Getting back to the original equation, if we write it like this,
CuCl2(aq) + 4NH3(aq) + 2H2O(l) ==> [Cu(NH3)4(H2O)2]^+2(aq) + 2Cl^-(aq)
we stick closer to what you are to start with and end with. Everything balances and you have no "nitrogen ions" to be concerned about.
Technically, I don't like to see NH3(aq) in solution without noting that it forms NH3 + HOH ==> NH4^+ + OH^-. IF you had H^+ that you asked about they would be neutralized with OH^- from the NH3 reaction. None of the ammonia will dissociate into a "nitrogen ion." I guess the short answer to your question, " but i was wondering that clorine ions are present in the solution but how are the remaining nitrogen ions and hydrogen ions? are they floating around in this solution?" is
CuCl2(aq) + 4NH3(aq) + 2H2O)l)==>[Cu(NH3)4(H2O)2]^+2(aq) + 2Cl^-(aq), which is the equation I wrote above, has no hydrogen ions or nitrogen ions to be conerned about.

Thanks for using the Jiskha boards. I hope this clears up any misunderstandings. Please follow up with anything you don't understand.

will it be
NH3 (aq) = NH4OH

NH4OH + CuCl2 --> Cu(NH3)Cl2 + H2O ?

I'm doing a lab on equilibriums with this equation, well actually we have to find the equation, but he did say that [Cu(H2O)6]+2 and [Cu(NH3)4(H20)2]+2 would be involved like you said, but some where in between these two he said there is some Cu(OH)2, which results from adding a little NH4OH to the CuCl2, uppon addin't more though it finally becomes what you had as your product, any idea what that middle step might be?

NH3(aq) --> NH4OH

NH4OH + CuCl2 --> Cu(OH)2 + NH4Cl
First a massive precipitate forms (the copper hydroxide), however as more ammonia is added the equilibrium shifts
to the diaquatetrammine copper(II) complex.
Your best guess:
CuCl2(aq) + 6NH3(aq) -->[Cu(NH3)4(H2O)2]2+ + N2(g) + 2HCl

I'd think that this is a more probable reaction:
CuCl2(aq) + 4NH3(aq)-->[Cu(NH3)4(H2O)2]2+ Cl2 , try smelling the products :)
(if you have the means to make them)

Based on the information you provided, it seems like there is an intermediate step involving the formation of Cu(OH)2. Here's the possible reaction pathway:

1. CuCl2(aq) + 2NH4OH(aq) → Cu(OH)2(s) + 2NH4Cl(aq)
In this step, CuCl2 reacts with NH4OH to form Cu(OH)2 (a precipitate) and NH4Cl.

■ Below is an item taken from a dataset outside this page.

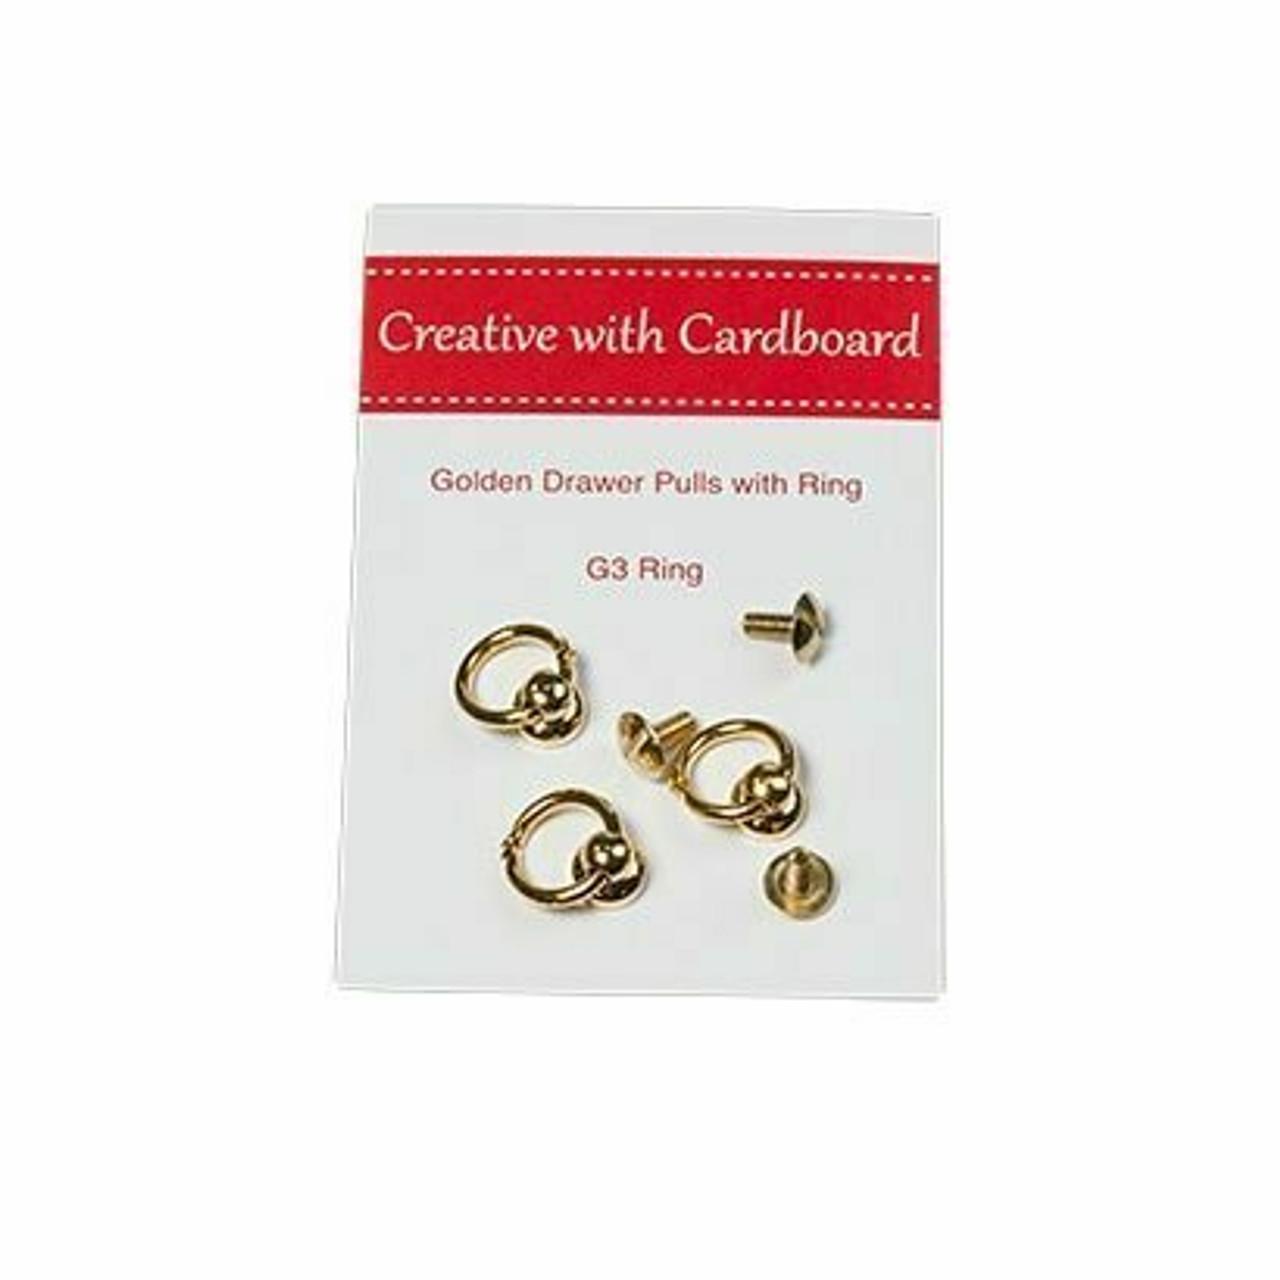 Rinske Stevens Designs: Golden Drawer Pulls

2. Cu(OH)2(s) + 4NH3(aq) → Cu(NH3)4(OH)2(s) + 2H2O(l)
Cu(OH)2 reacts with NH3 to form a complex ion Cu(NH3)4(OH)2 (a precipitate) and water.

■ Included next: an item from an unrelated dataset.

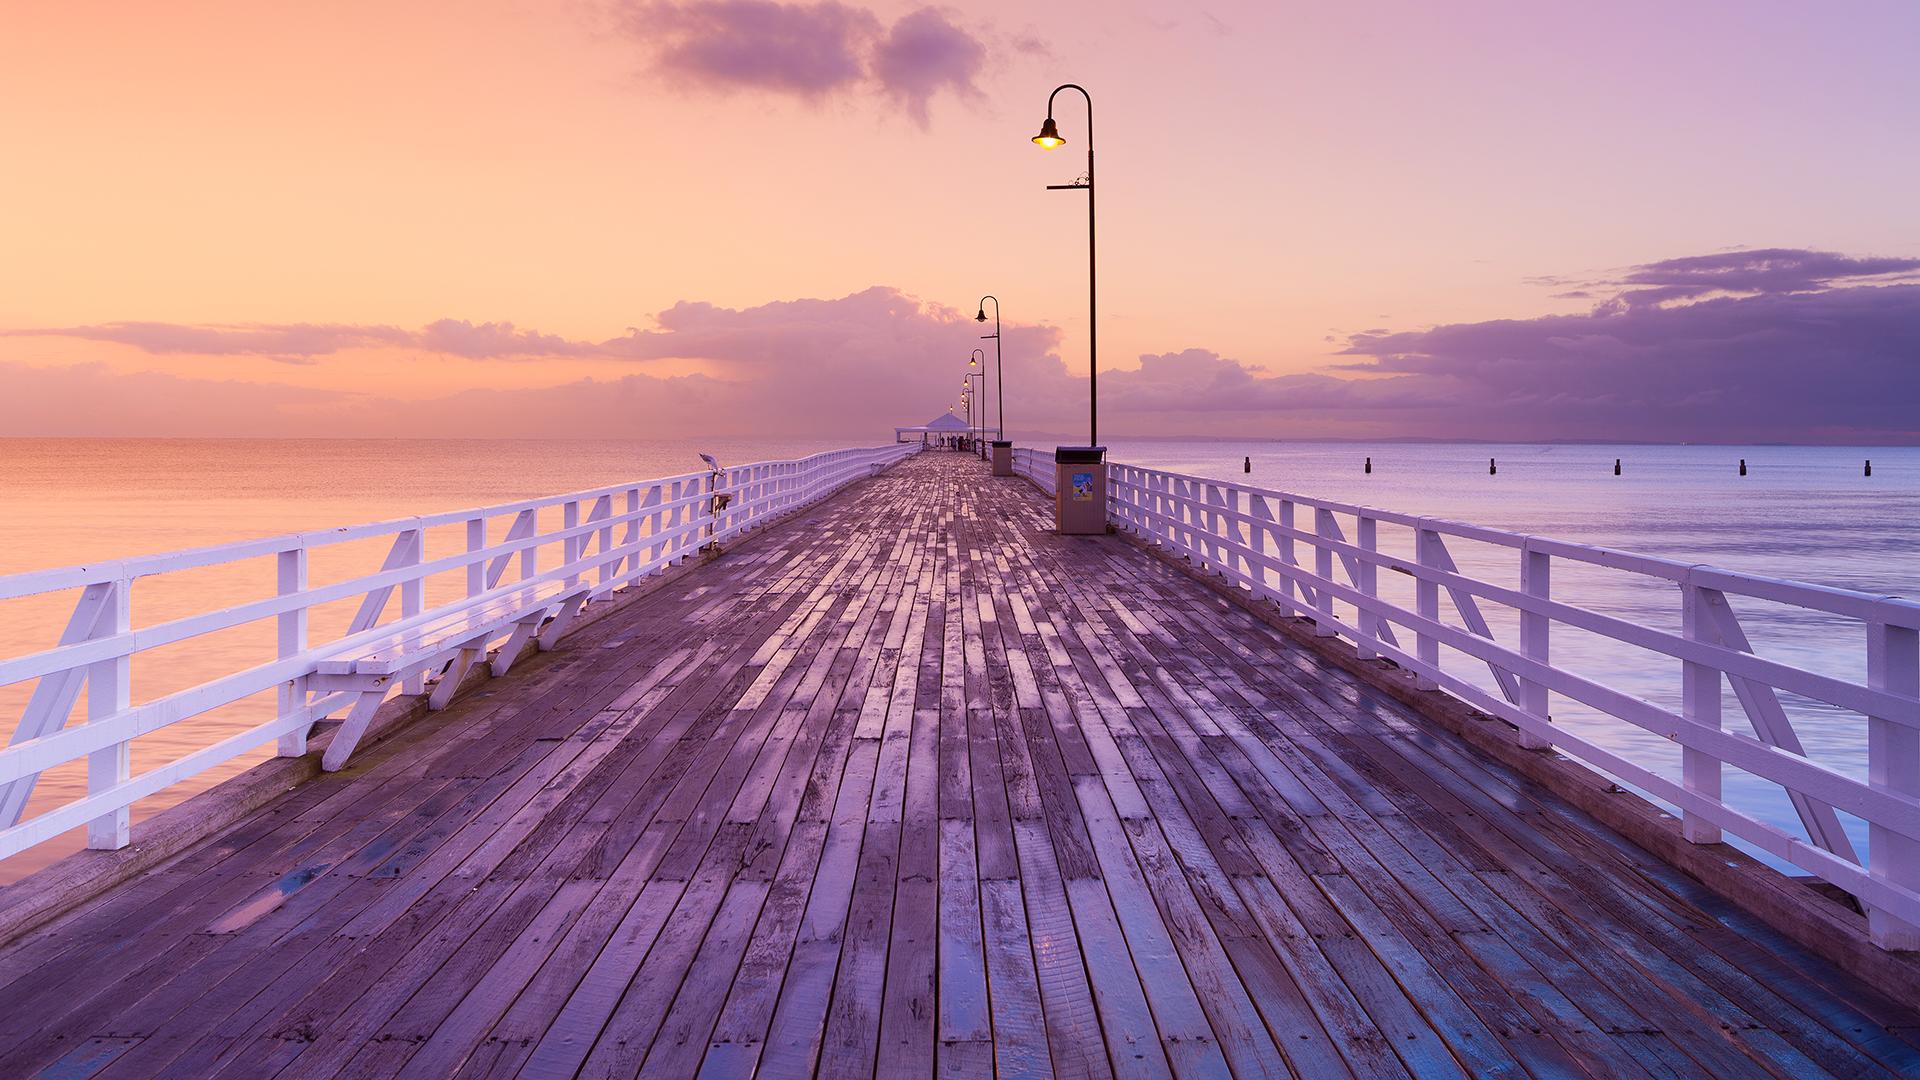 Views: 1197 Boardwalks 4542

3. Cu(NH3)4(OH)2(s) + HCl(aq) → [Cu(NH3)4(H2O)2]2+(aq) + 2Cl^-(aq)
Cu(NH3)4(OH)2 reacts with HCl to form the desired complex ion [Cu(NH3)4(H2O)2]2+ and chloride ions.

Overall, the reaction can be summarized as:
CuCl2(aq) + 6NH3(aq) + 2NH4OH(aq) + HCl(aq) → [Cu(NH3)4(H2O)2]2+(aq) + 2Cl^-(aq) + 2NH4Cl(aq) + 2H2O(l)

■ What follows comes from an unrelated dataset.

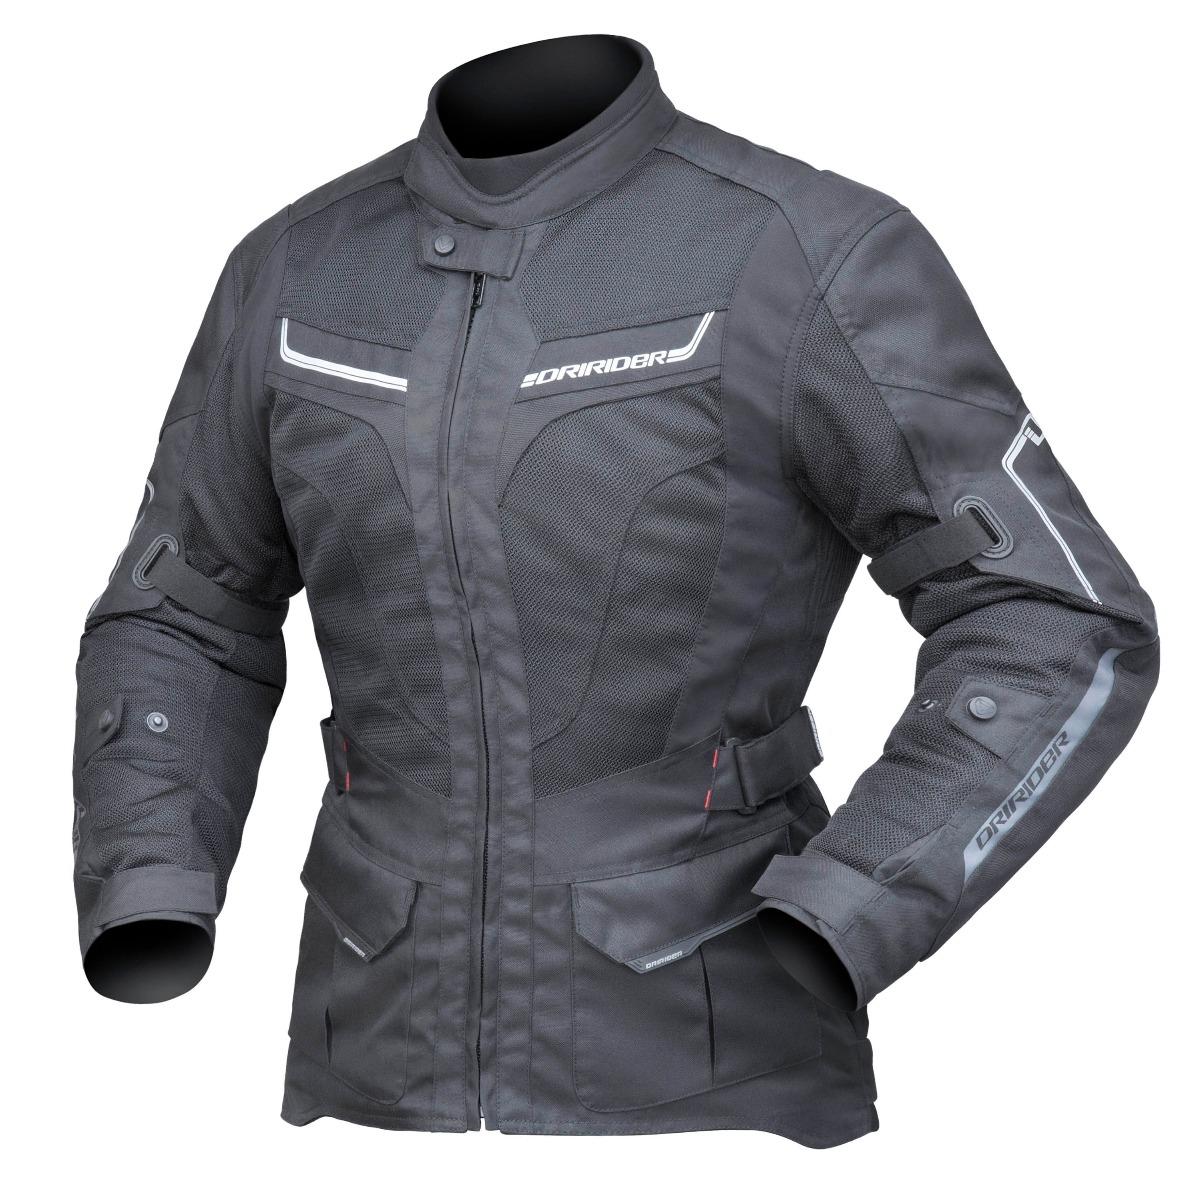 Dririder Women's Apex 5 Airflow Black Jacket

I think the answer is just simply like this:

NH3(aq) --> NH4OH
NH4OH + CuCl2 --> Cu(OH)2 + NH4Cl

well this sucks. i have to write a lab report on this. i know the above reacton forms a blue soilution, and cu(no3)2 is blue in water...hmmm...

There is no answer because both ionic compounds are aqeous or soluble.